Project Noah: Authority in Science

Ashley Lenhart
ANTH374S18
Published in
2 min readMar 8, 2018

Project Noah is a National Geographic supported software platform with the purpose of reconnecting people to the natural world and document the world’s organisms. The people of this program build tools to allow people (all types of people — even those without Ph.D.’s) to contribute to science through ecological data contribution. Check it out here: https://www.projectnoah.org/

Source 1

Class readings have focused on who can contribute to science, where knowledge comes from, and what science is “right” and what science is “wrong”. Project Noah allows anyone to contribute to science, for knowledge to come from anywhere, and counts all of this as “right”.

Source 4

Science sometimes happens within labs and behind closed doors. It may be only discussed among the scientific community. Project Noah eliminates this — the data can be accessed by anyone and anyone can add to it. Science can be strict with only certain people meeting certain criteria being able to make any claims or present any data. Project Noah eliminates this control — again, anyone is able to contribute and authority is not as great. This platform opens the door for a new, collaborative kind of science to occur. This is vital because there is no way only scientists can collect the mass amounts of data obtained through Project Noah and similar platforms in the same time. Faster, larger data acquisition is allowed for. Different views are also accounted for, or a more interdisciplinary viewpoint is gained. Further and specifically, wildlife is so vast, information critical to studies of it nearly requires help of people other than scientists.

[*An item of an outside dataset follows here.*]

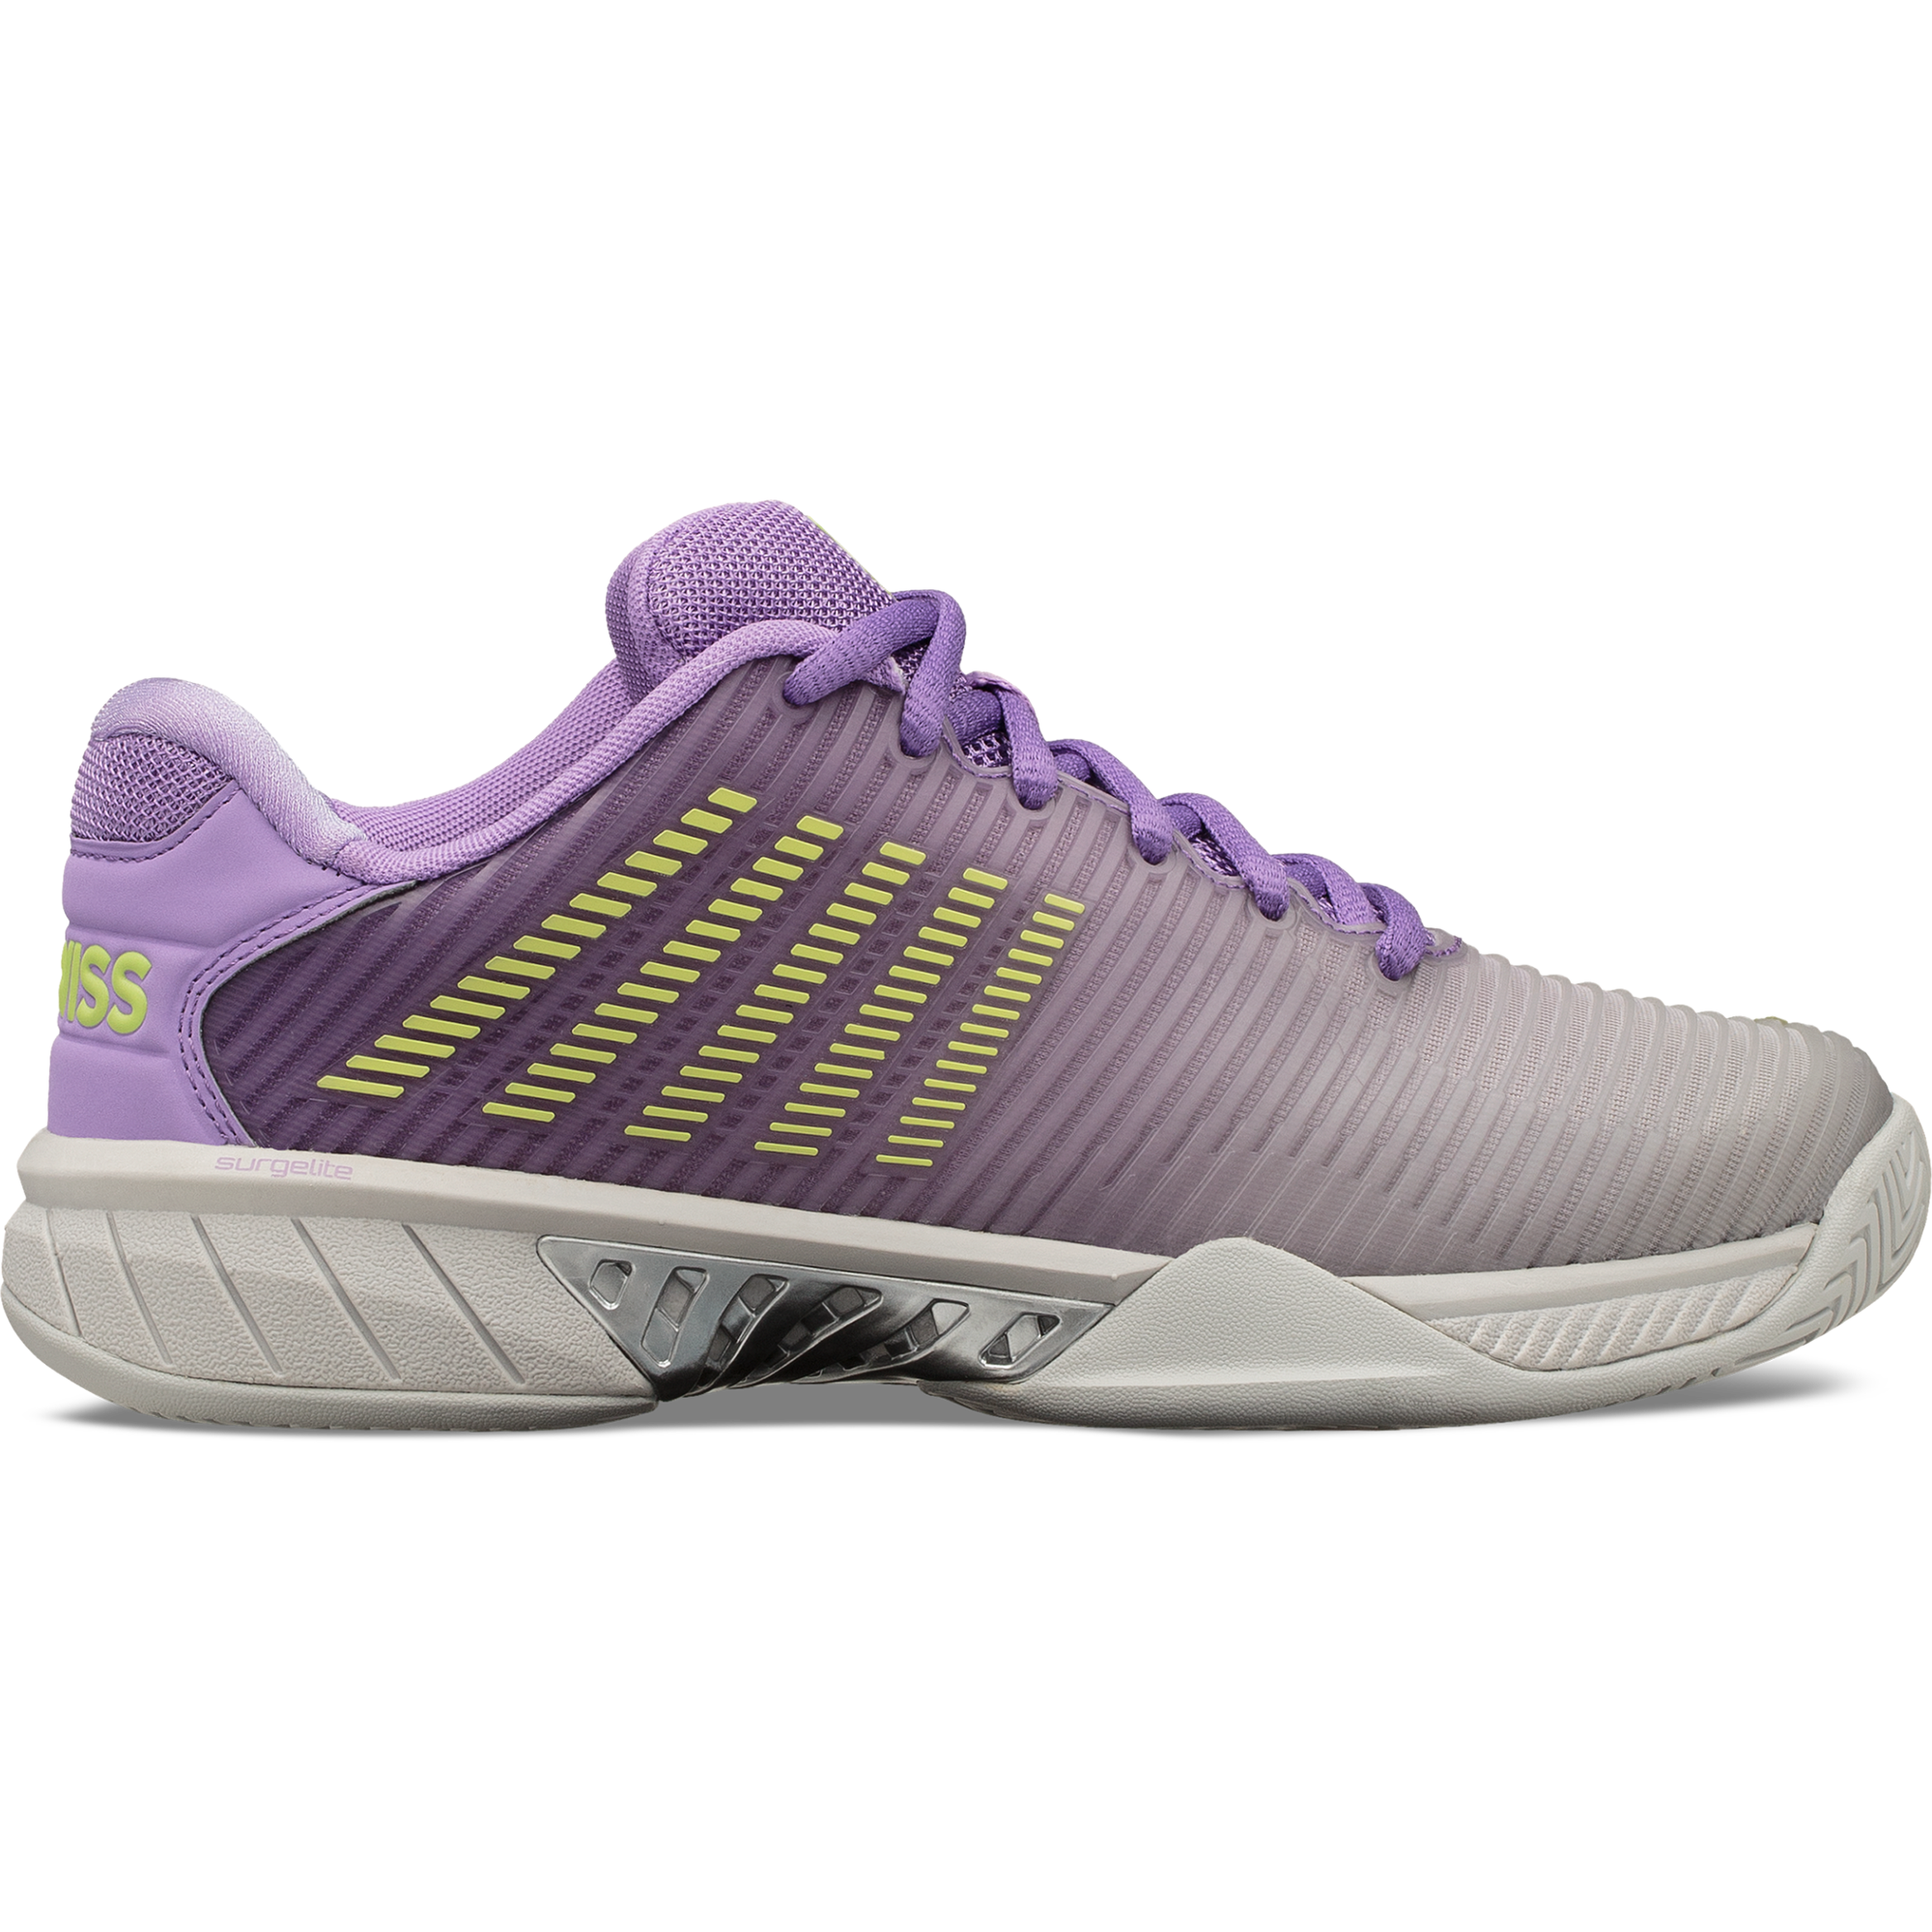 tennis shoes purple

As from the Epstein reading (2), activists can play a greater role via Project Noah. Or, regular people who are neither activist or scientist can. As from the Fujimura reading (3), change may be brought about from many voices speaking against one which has assumed authority through this large, supported project. Science is changing as it always has and through Project Noah and others like it, the people who contribute to knowledge and the way in which knowledge is produced is also changing.

Sources:

  1. “Networked Organisms And Habitats.” Project Noah, National Geographic
  2. Epstein, Steven. “The construction of lay expertise: AIDS activism and the forging of credibility in the reform of clinical trials.” Science, Technology, & Human Values 20.4 (1995): 408–437.
  3. Fujimura, Joan H., and Henry R. Luce. “Authorizing knowledge in science and anthropology.” American Anthropologist 100.2 (1998): 347–360.
  4. “World Wildlife Day.” 100 days until UN World Wildlife Day, Convention on International Trade in Endangered Species of Wild Fauna and Flora.